INSOMNIA
She’s back with another self indulgent diary entry, folks.
I don’t usually suffer with insomnia, sometimes it’s tricky to fall asleep but generally when I’m out I’m OUT. Recently, however I’ve found myself waking up, mind racing at 2am. Tonight (this morning?) I decided to just get up and use the time rather than lay awake, anxious that I can’t get back to sleep.
I’m sitting on the sofa next to the loudest dog in the world. If I thought I might nap down here, I was wrong. Considering making myself a cup of the herbal tea I bought but have to force down because - herbal tea. Considering sneaking in the kitchen to record a podcast of nonsense about how I can’t sleep. Deciding to write some nonsense instead because it’s less likely to wake anyone else up.

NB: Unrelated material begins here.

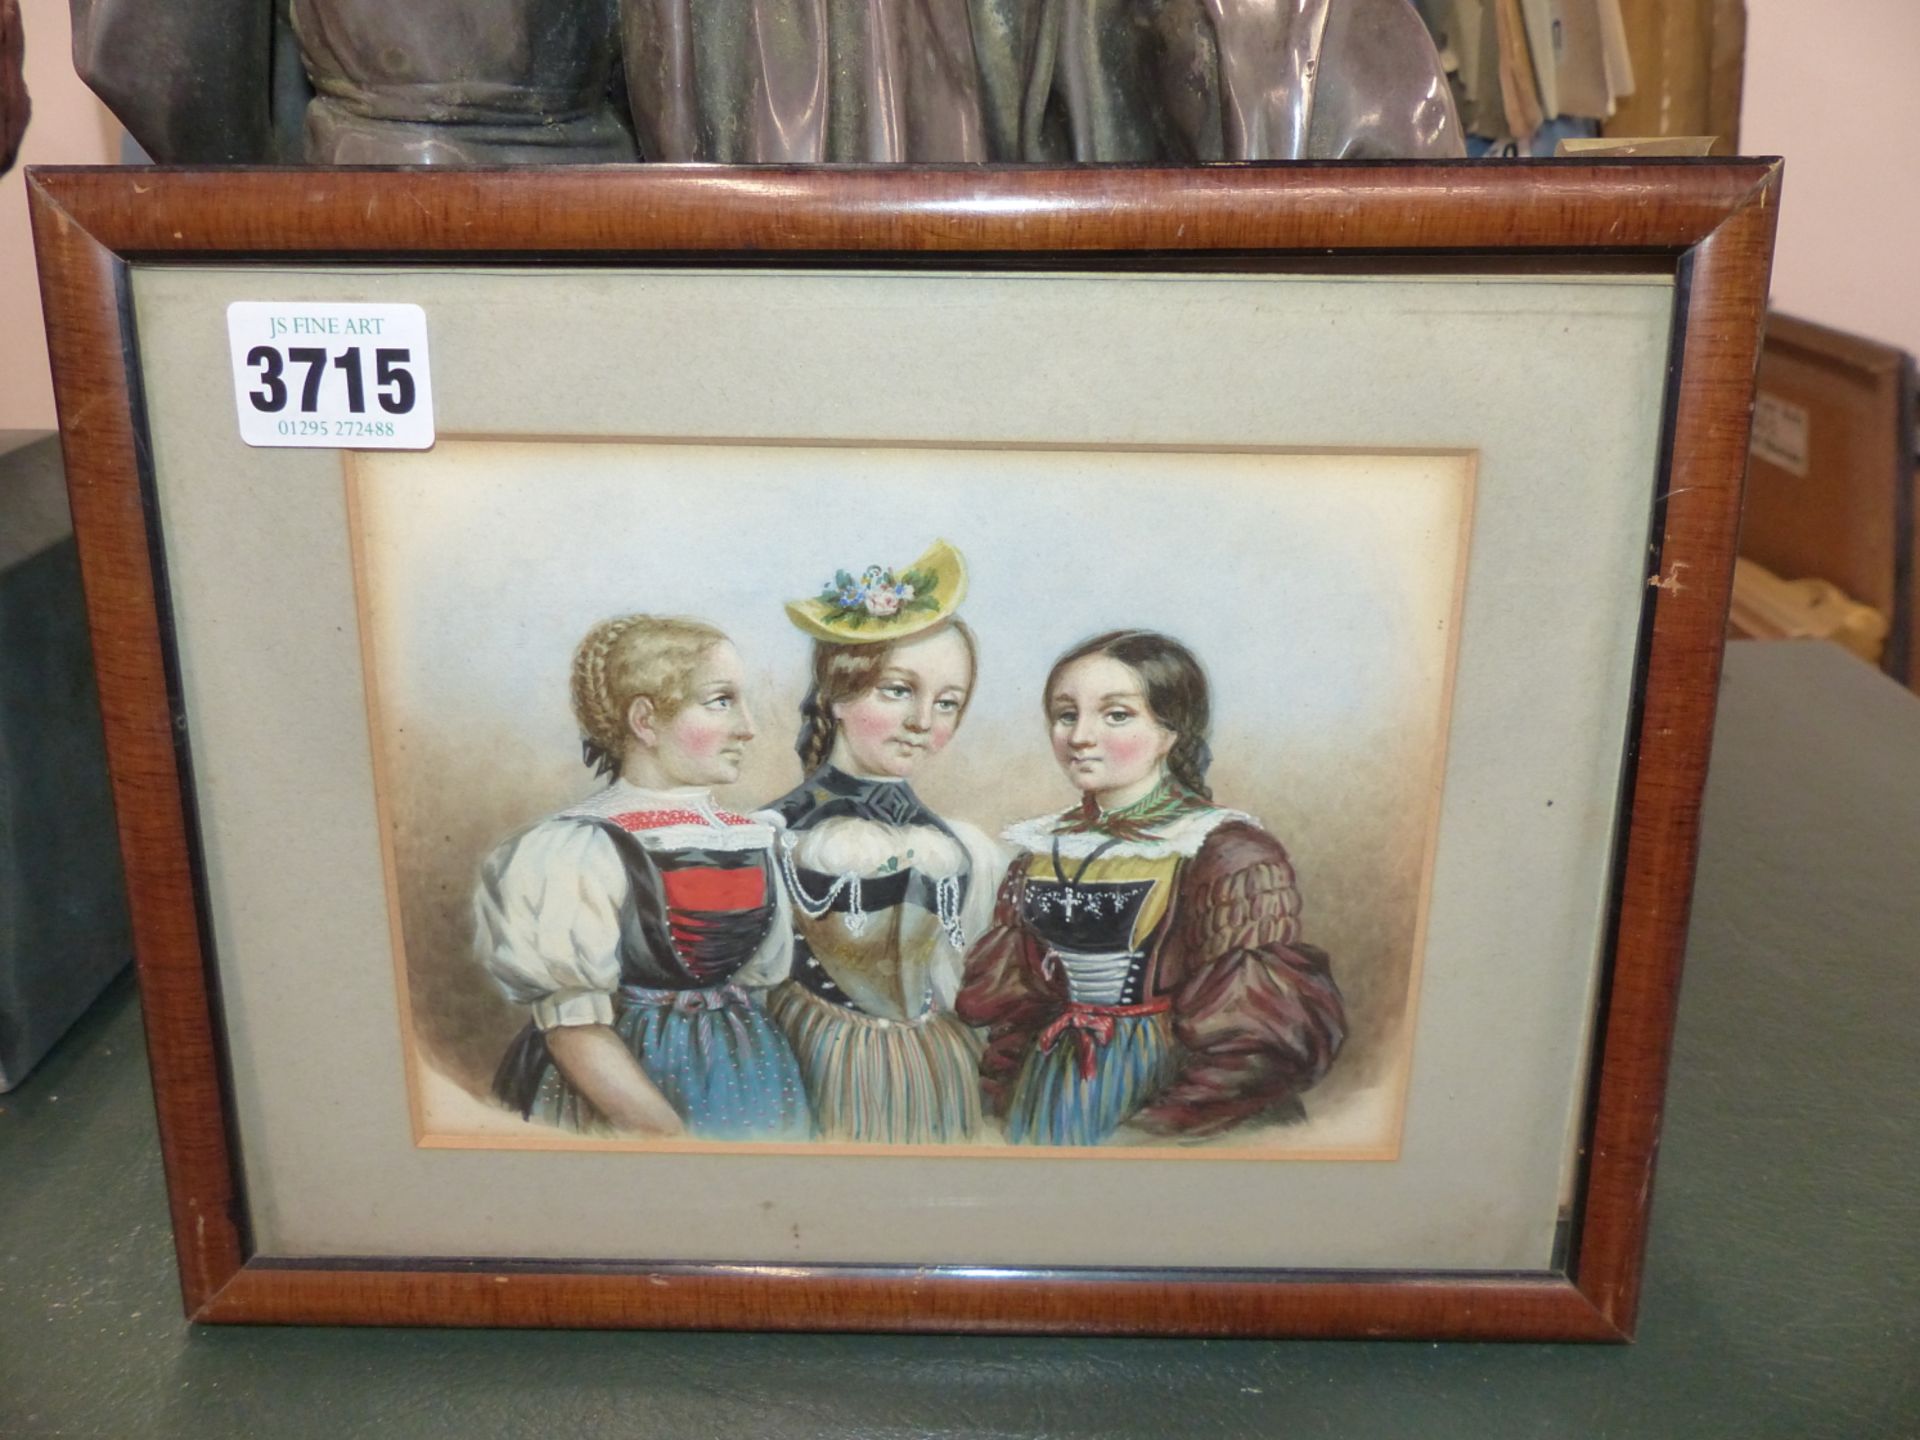 LATE 19TH CENTURY/ EARLY 20TH CENTURY GERMAN SCHOOL.- THREE GIRLS IN TRADITIONAL DRESS- WATERCOLOUR. - Image 3 of 4

In the run up to our Vegas trip (have I blogged about this? I feel like I haven’t but HOW?!) I have a weird stress/excited (strexcited?) energy. I think because we’re doing the whole vow renewal, it’s almost pre-wedding jitters because I’ve put so much on this trip and this EVENT being something epic, it can’t possibly live up.
I’m trying to dial it down a little and am practicing ‘managing my expectations’, as they say.. but it’s obviously under the surface because it’s popping open my eyes in the middle of teh night.
I’m equally already a bit sad because it’s almost over.. isn’t that awful? I feel almost ashamed to admit that, honestly.
I feel like it’s so difficult to live in the moment these days and that’s something I really want to focus on for the last few months of the year - she says.. planning ahead.
Anyway.. I’m going to go and make my lavendar tea and probably record that nonsense after all but I thought I’d pop on and type, Hi! while I' should be sleeping and am thinking of absolutely everything and anything I haven’t done (like this) in months that maybe I should.